WHAT YOU SHOULD DO
Although the material holds pictures, none belong in the copy; transcribe exactly, and only, the lines from the one with "Gewicht: 28,9 g" through the end.

DATA PROVIDED
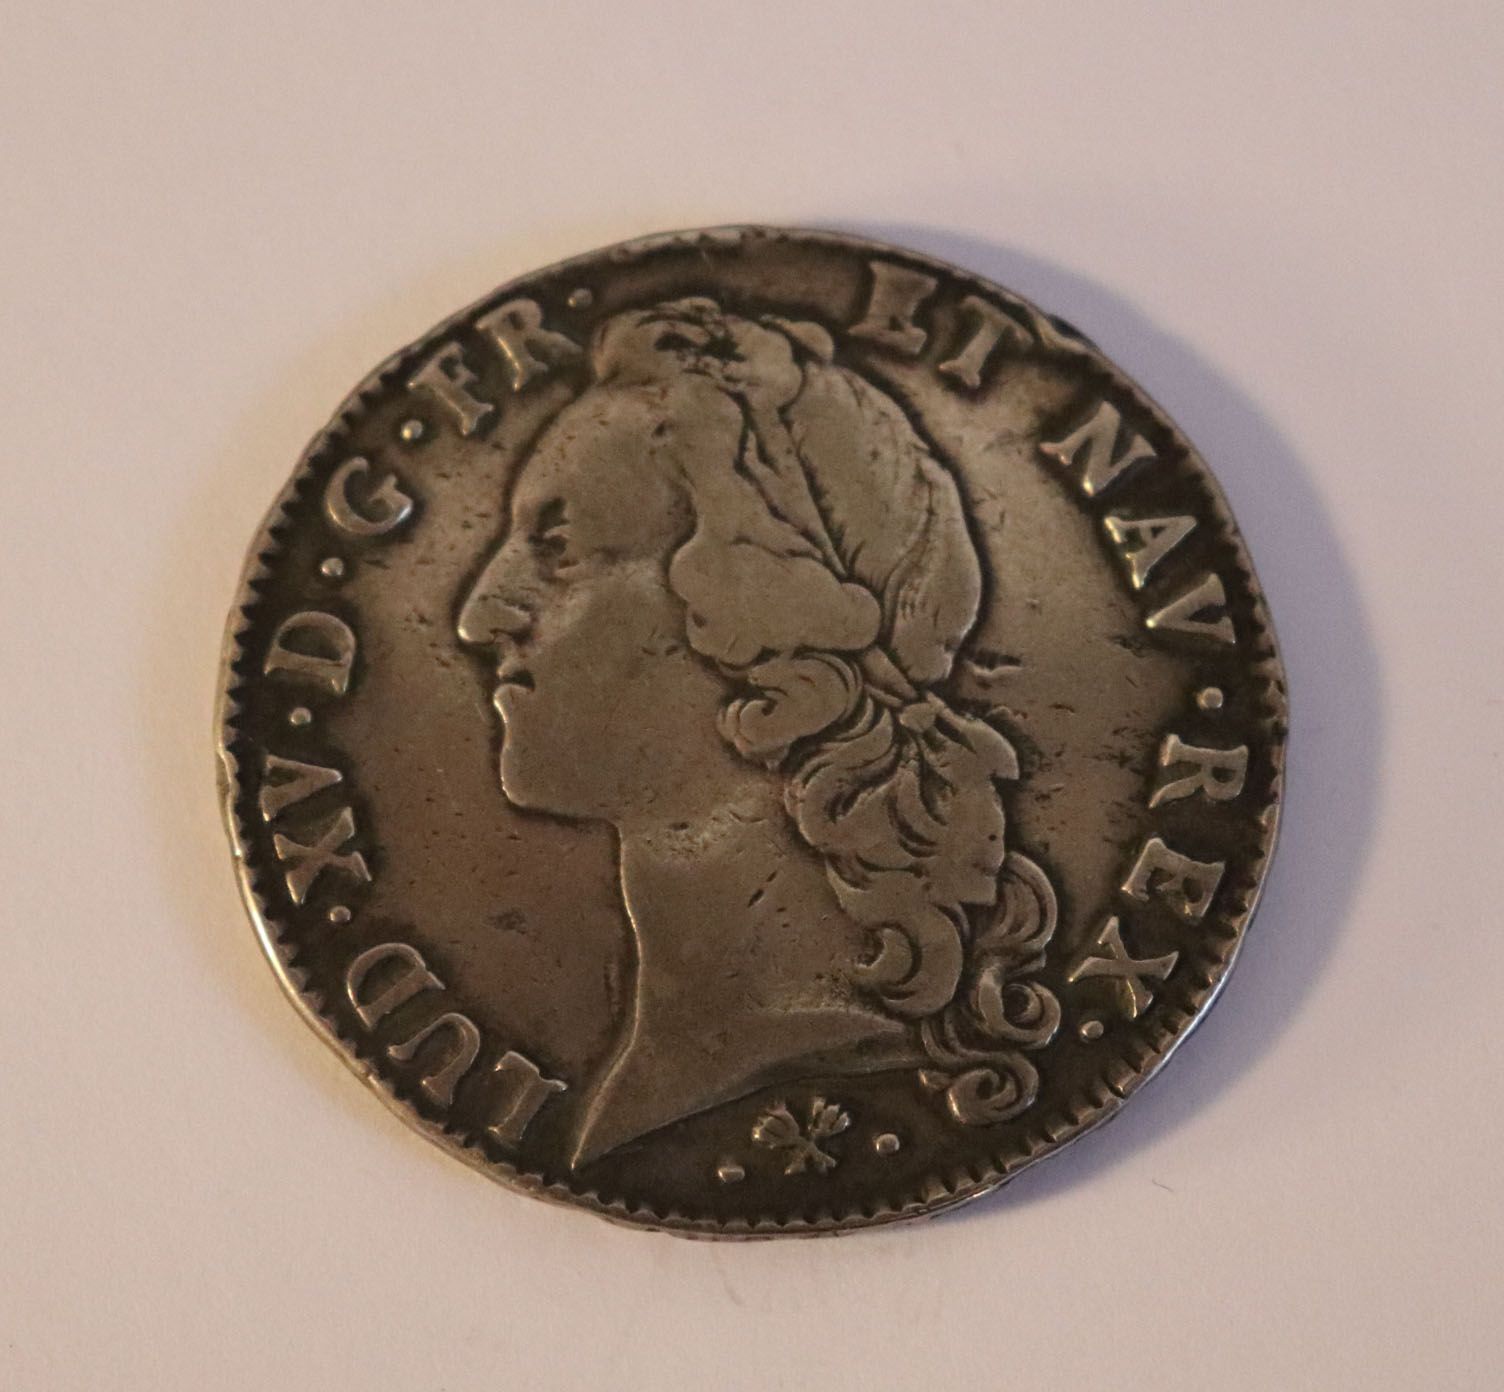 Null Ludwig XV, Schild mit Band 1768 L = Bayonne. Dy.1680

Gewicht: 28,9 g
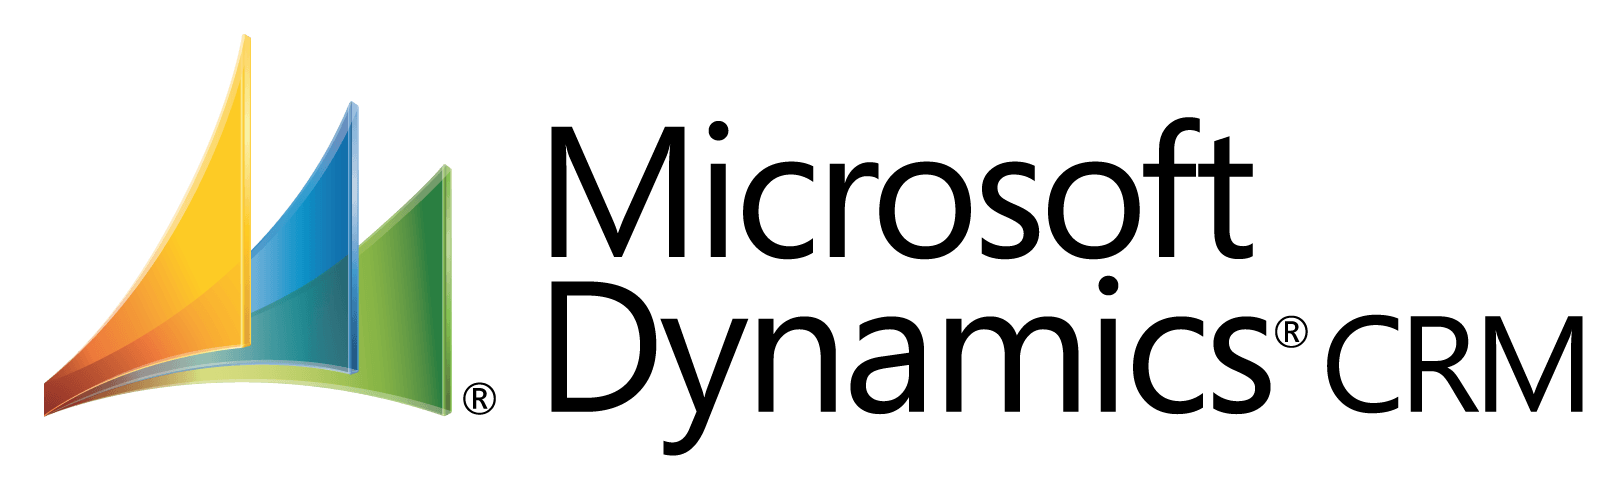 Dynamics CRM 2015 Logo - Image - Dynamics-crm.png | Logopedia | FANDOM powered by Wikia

ANSWER TO THIS TASK
Gewicht: 28,9 g
 Dynamics CRM 2015 Logo - Image - Dynamics-crm.png | Logopedia | FANDOM powered by Wikia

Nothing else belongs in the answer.